In the laminated structure, the following electrical connection is formed. The upper pattern 31 of the radiation conductor, the pattern 3 2 on the left side of the radiation conductor, and the pattern 3 3 on the right side of the radiation conductor are electrically connected, and the pattern 3 2 on the left side of the radiation conductor and the first spiral conductor pattern 4 1 are electrically connected. The radiation conductor right side pattern 33 and the second spiral conductor pattern 42 are electrically connected, and the feed conductor pattern 34 and the radiation conductor left side pattern 32 are electrically connected. The first spiral conductor pattern 41 and the shield conductor bottom pattern 56 are electrically connected via the first through hole 43 formed inside the lower dielectric substrate 27, and the second The spiral conductor pattern 42 and the shield conductor bottom pattern 56 are electrically connected via a second through hole 44 formed inside the lower dielectric substrate 27, and the shield conductor front pattern 54 Is electrically connected to the shield conductor top pattern 53 and the shield conductor bottom pattern 56. Joined, shielding conductor back pattern 5 5 shielded It is electrically connected to the conductor top pattern 53 and the shielding conductor bottom pattern 56. Also in the structure of the present embodiment, the dielectric constants of the upper dielectric substrate 28, the lower dielectric substrate 27, and the intermediate dielectric substrate 29 may be the same or different from each other. However, if they are different, it is preferable that the dielectric constant be lower for the upper dielectric substrate.
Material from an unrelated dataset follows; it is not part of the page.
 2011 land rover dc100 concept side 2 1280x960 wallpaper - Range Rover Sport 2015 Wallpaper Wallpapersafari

 Further, in this embodiment, the upper dielectric substrate 28, the lower dielectric substrate 27, and the intermediate dielectric substrate 29 are respectively formed of a magnetic substrate, a lower magnetic substrate, and an intermediate magnetic substrate. It is possible to substitute for a substrate. In this case, the magnetic permeability of each magnetic substrate may be the same or different. However, if they are different, it is preferable that the magnetic permeability be lower for the upper magnetic substrate.
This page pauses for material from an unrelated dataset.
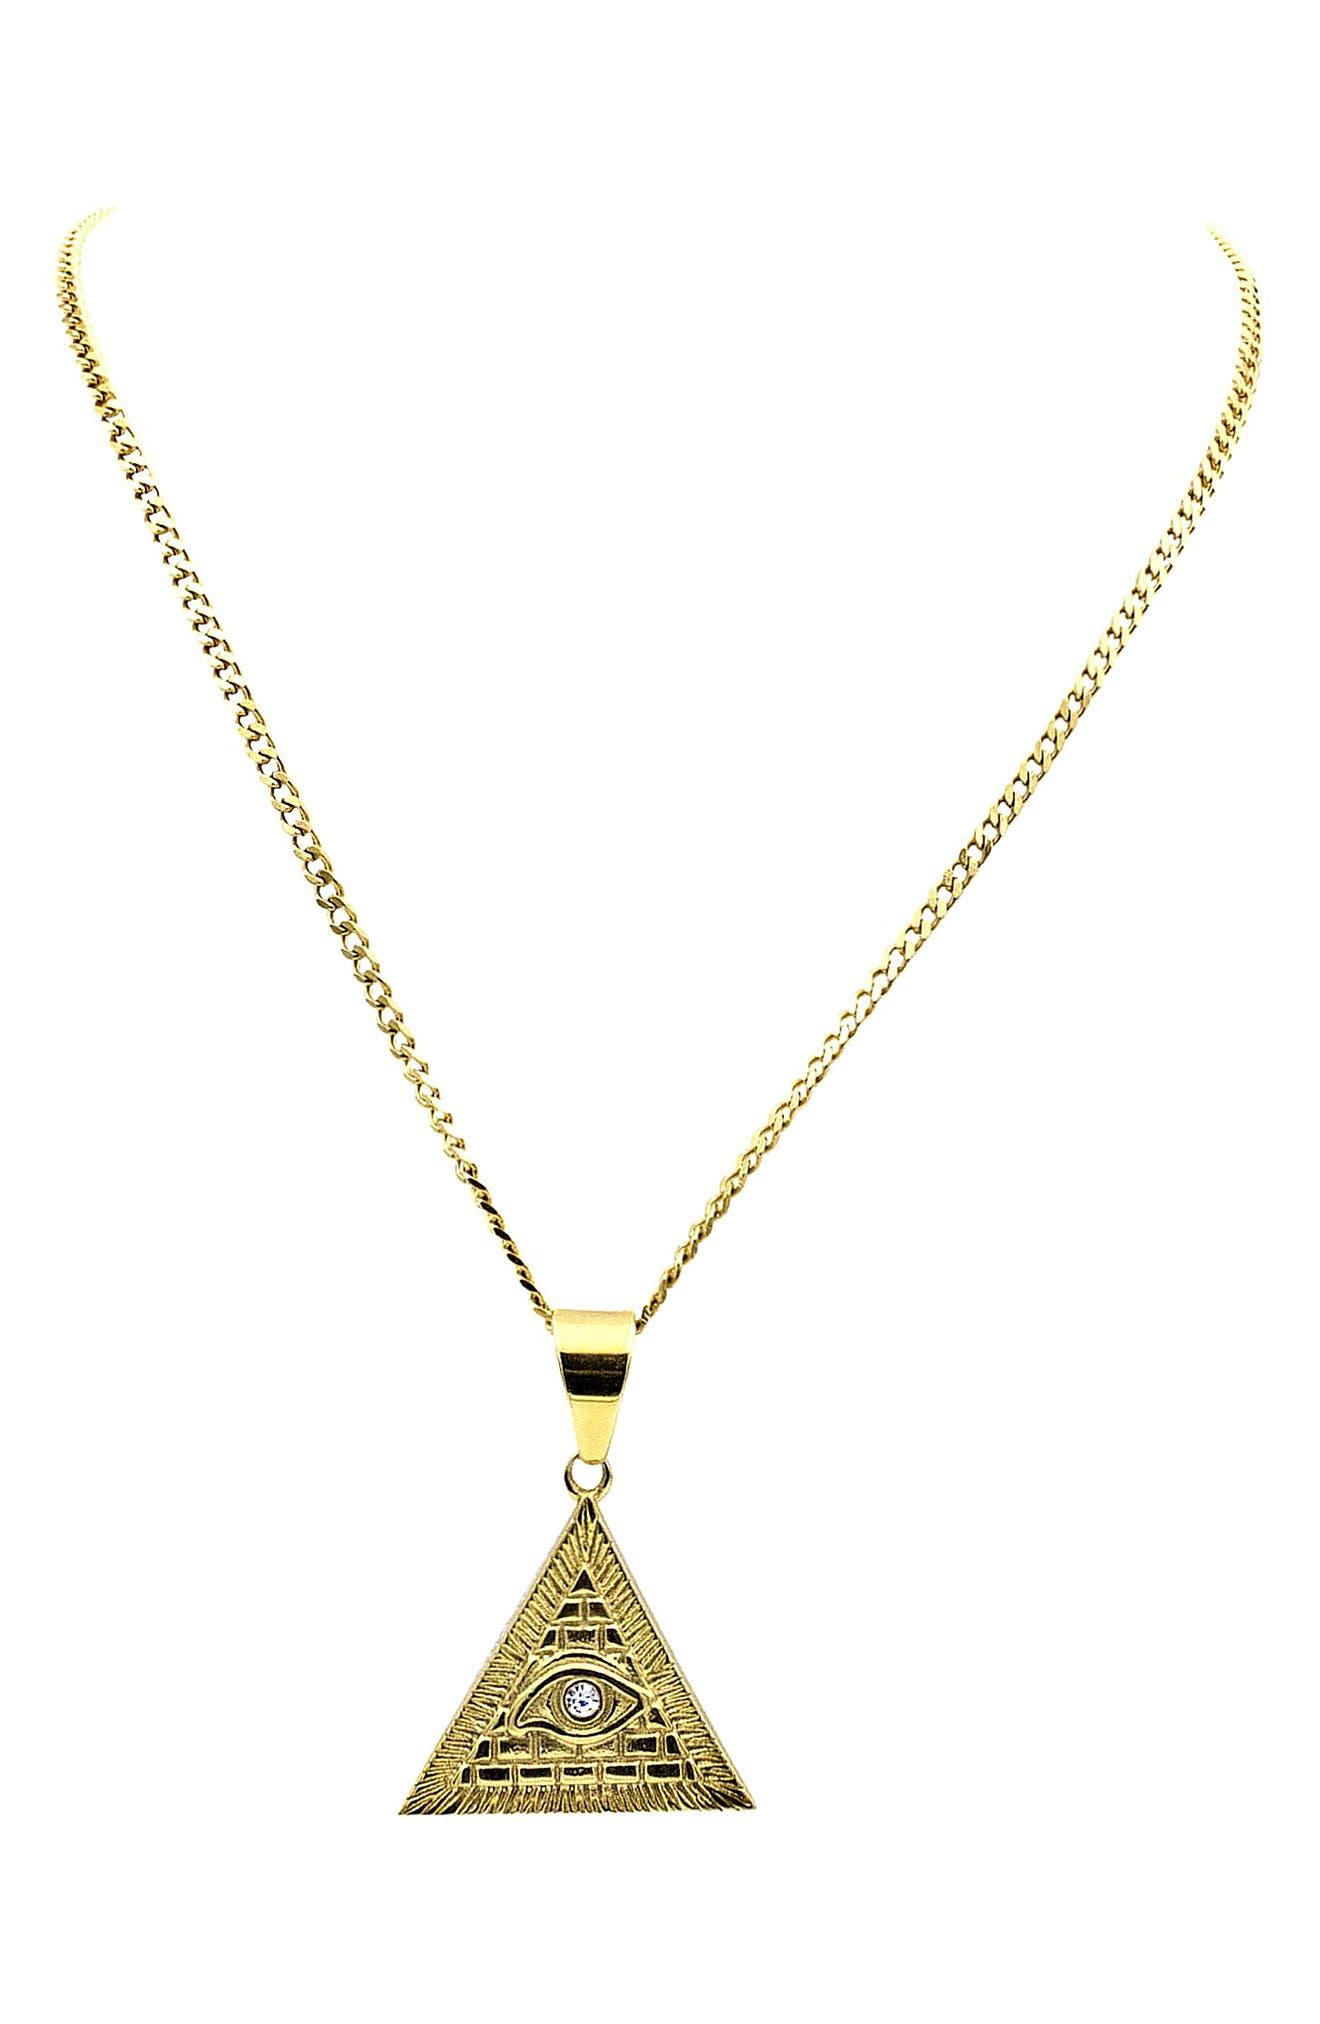 Mara Pendant Necklace,                             Main thumbnail 1, color,                             Gold

 In the structure of this embodiment, similarly to the embodiment of FIG. 16, the configuration of the embodiment of FIG. 1 can be embodied, and the present invention is formed by using a multilayer substrate manufacturing method (multilayer substrate process). Since a multimode antenna can be manufactured, cost reduction can be achieved by downsizing and mass production of the multimode antenna. Also, in the present embodiment, the electromagnetic coupling between the radiation conductor and the resonance circuit is significantly suppressed as compared with the embodiment of FIG. 16, so that there is an effect that the design of the resonance circuit becomes easy.
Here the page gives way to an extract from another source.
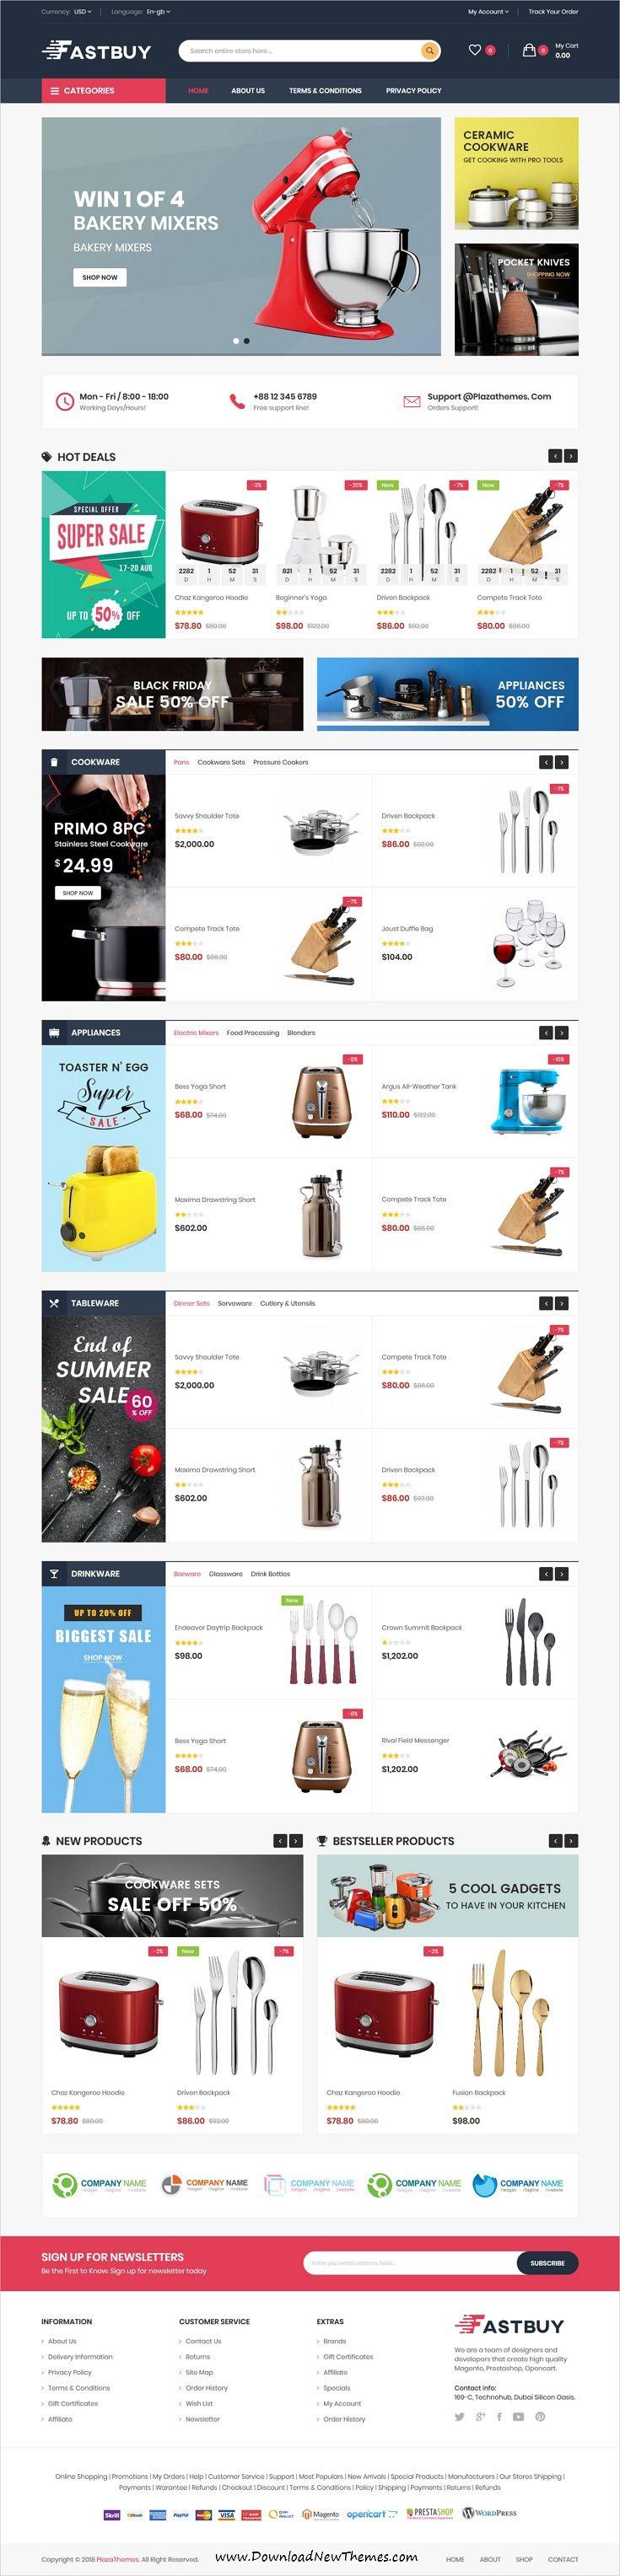 104 best shop images on Pinterest

 Another embodiment of the present invention will be described with reference to FIG. FIG. 18 is a diagram showing the relationship between the structure of the small multimode antenna according to the present invention and the method of manufacturing the laminated substrate, and, similarly to the embodiment of FIG. It consists of a surface 22, a right side 23, a front 24, an intermediate layer 25 between layers, and a bottom layer 26 on the bottom.

The difference from the embodiment of FIG. 16 is that the spiral conductors 41 and 42 are replaced by meander conductors 45 and 46. By introducing the meandering conductor, the antenna according to the present invention is suitable for the ultra-high frequency range above the GHz band. In such a case, since the width of the meander-shaped conductor can be made wider than the width of the spiral-shaped conductor, the resistance loss of the conductor in this portion can be reduced, and the effect of improving the efficiency of the antenna is produced.

 Another embodiment of the present invention will be described with reference to FIG. FIG. 19 is a diagram showing the relationship between the structure of the small multi-mode antenna according to the present invention and the method of manufacturing the laminated substrate. As in the embodiment shown in FIG. , Left side 22, right side 23, front 24, first intermediate layer 25 a between layers, second intermediate layer 25 b between layers, lowermost layer 26 on bottom, and back 30 I have. The difference from the embodiment of FIG. 17 is that the spiral conductors 41 and 42 are replaced with the meander conductors 45 and 46. Similar to the effect of the embodiment of FIG. 18 with respect to the embodiment of FIG. 16, the antenna according to the present invention is applied to the ultra-high frequency range above the GHz band, compared to the embodiment of FIG. In this case, there is an effect that the efficiency of the antenna is improved.

 Another embodiment of the present invention will be described with reference to FIG. FIG. 20 is a diagram showing the relationship between the structure of the small multi-mode antenna according to the present invention and the method of manufacturing the laminated substrate, and as in the embodiment shown in FIG. , Left side 22, right side 23, front 24, intermediate layer 25 between layers, and bottom layer 26 at the bottom.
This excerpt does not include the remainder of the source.